Konzeptionelle Kunstprojekte im Rahmen von Kooperations-Projekten

2007-2010 T.O.Y.S. - trash of your society, Graz
2007
The Politics of Culture – Uli goes Europe, Afro-Asiatisches Institut, Graz
2007 The Politics of Culture – re-engaging Uli, Nigerianische Kunst in Graz, ESC im Labor, Graz
2006 The Politics of Culture – Nigerianische Kunst im Nirgendort, Landesschülerheim, Graz
2006 SOL Steiermark – Autophoto Guatemala, Graz

Arbeitstechnik

Klaus Schrefler (~alias KaRaSu) arbeitet vorrangig spartenübergreifend, wobei der Fokus durchaus auf Visueller und Bildender Kunst liegt, so bezeichnet er sich selbst auch einfach als Visual Media Artist. Künstlerisch-kreative Aspekte kombiniert er thematisch oft mit beinah analytisch-wissenschaftlichem Zugang – Ergebnisse seiner Arbeit liegen in vielerlei Form vor: Fotografie, Video, Skulpturen, Computeranimation, multimediale Performances und Installationen.

Themen

Sein Werk zielt auf eine universale Bewegung zwischen den Abgründen der Menschheit (Zerstörung, Krieg, Gewalt, Rassismus und deren Herkunft) und den Lichtseiten (die Metapher der Sonne als eine transformierende Quelle der Energie, Menschenrechte und Respekt vor der Natur) ab.
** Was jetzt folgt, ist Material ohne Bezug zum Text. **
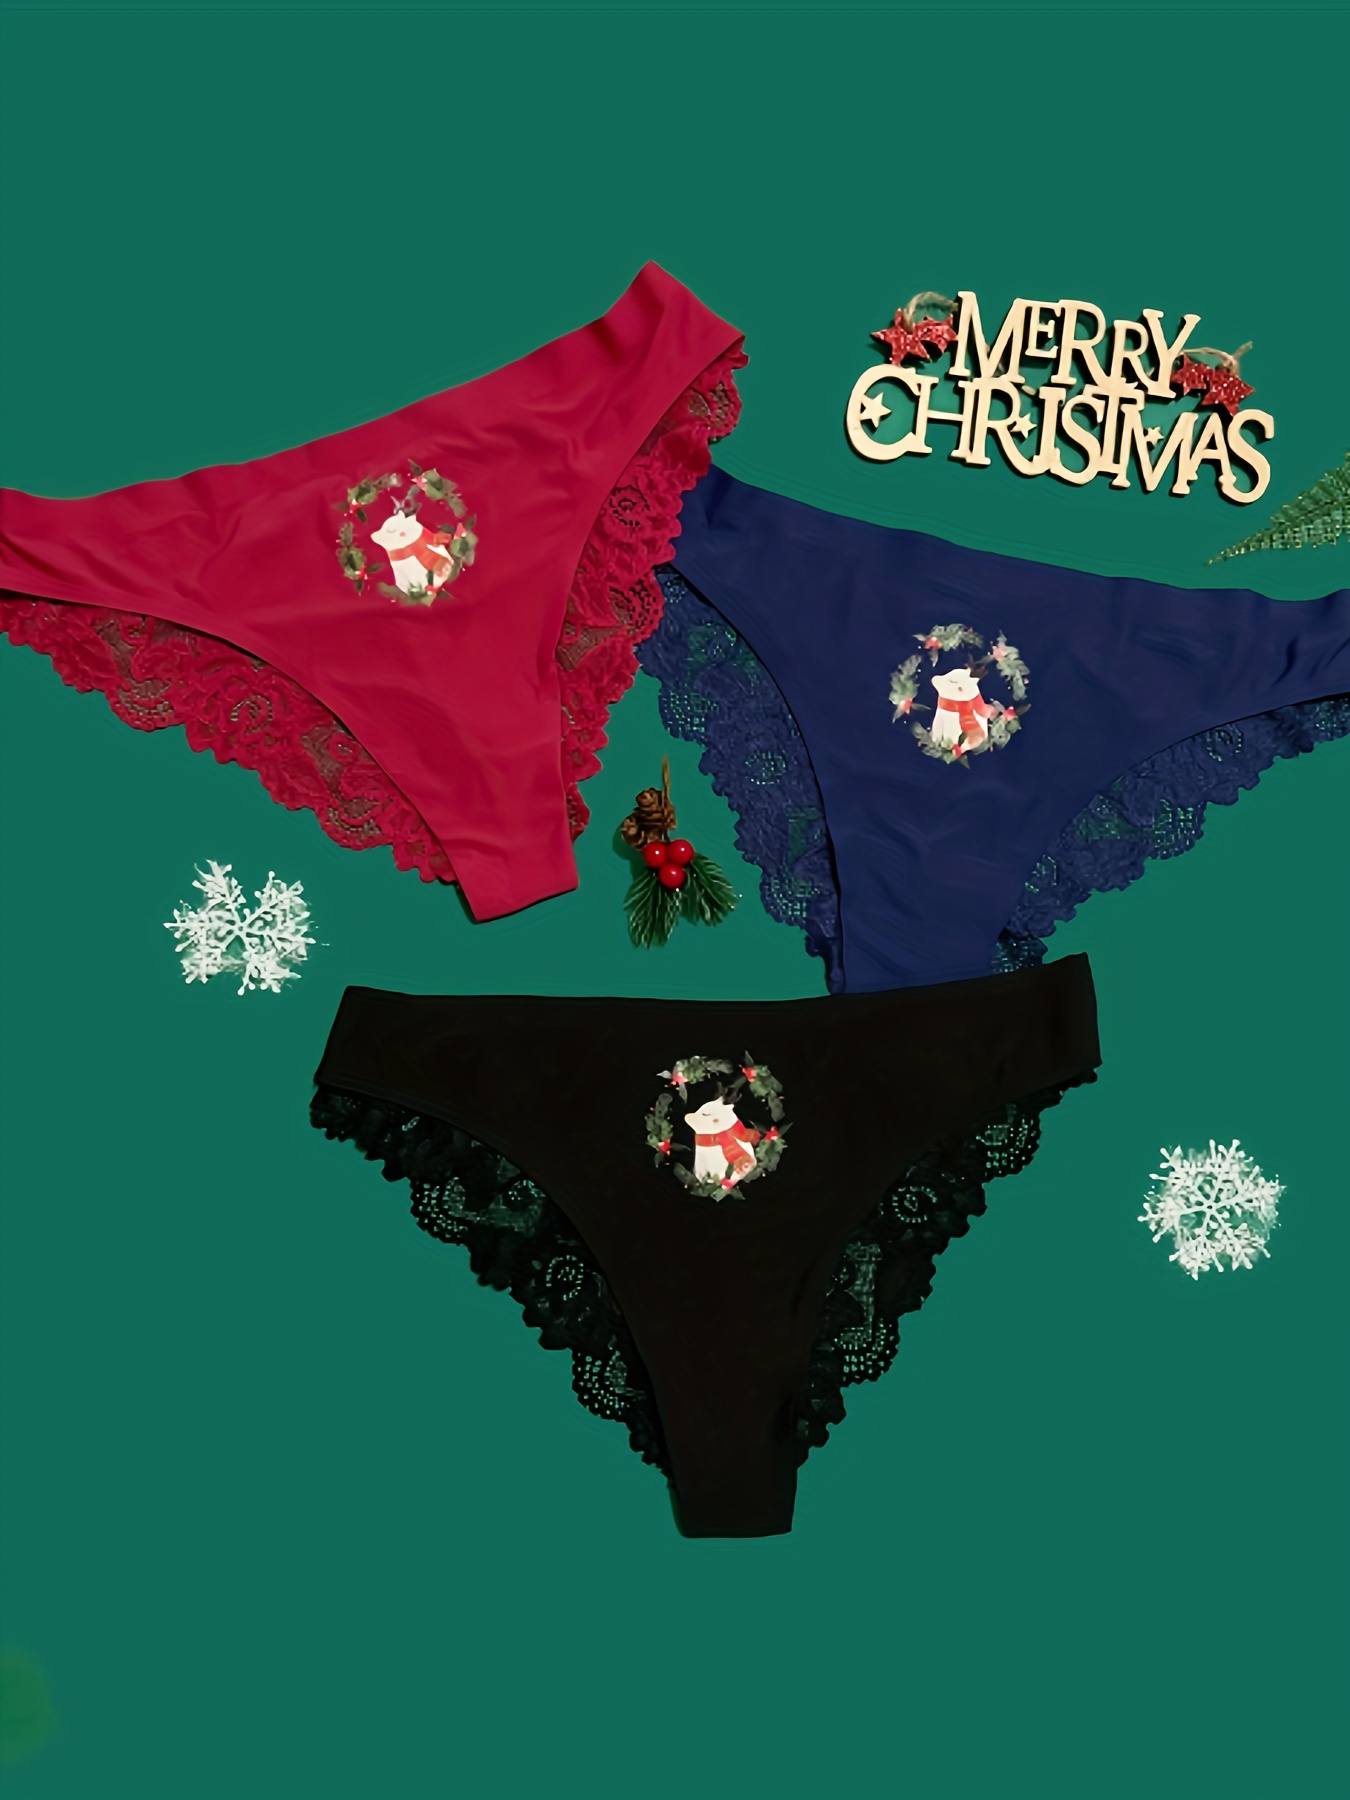 Womens Christmas Underwear, Clothing

Thematisch beschäftigt er sich oft mit sozialen oder politischen Gegebenheiten, die Menschen rund um den Globus gleichermaßen betreffen. Sein Ziel ist es, Ängste und Erwartungen der Menschen zu reflektieren und selbige damit zu konfrontieren. Die Arbeiten provozieren den Betrachter und regen dazu an, die eigene Existenz vor dem gesellschaftlichen Kontext zu hinterfragen. So entstehen Reibungspunkte, die Transformationen bewirken; abstrakt in der Komposition, real in der Form, surreal im Kontext.

Geschichtlicher Abriss

Bereits in seinen frühen Werken schafft er verstörende Bilder von den Schattenseiten des Daseins. Zu der Zeit bestimmen Gewalt, Krieg und die Auswirkung auf die menschliche Psyche seine Arbeiten. Es folgen Aufenthalte in New York, Tokio und Fukuoka (Japan). Erste Videoarbeiten bringen die symbolische Darstellung von Täter-Opferbeziehungen ins Zentrum seiner künstlerischen Tätigkeit. Kindesmissbrauch, sexuelle Gewalt an Frauen, Krieg bestimmen diese Werksphasen. 2001 folgt ein Aufenthalt in Ecuador, der in den Anden nicht nur die Inspiration zum Gesamtwerk Intiñahui bringt: an den Quellflüssen des Amazonas wird Klaus Schrefler von einer schweren Erkrankung ergriffen, an der noch Monate lang leidet.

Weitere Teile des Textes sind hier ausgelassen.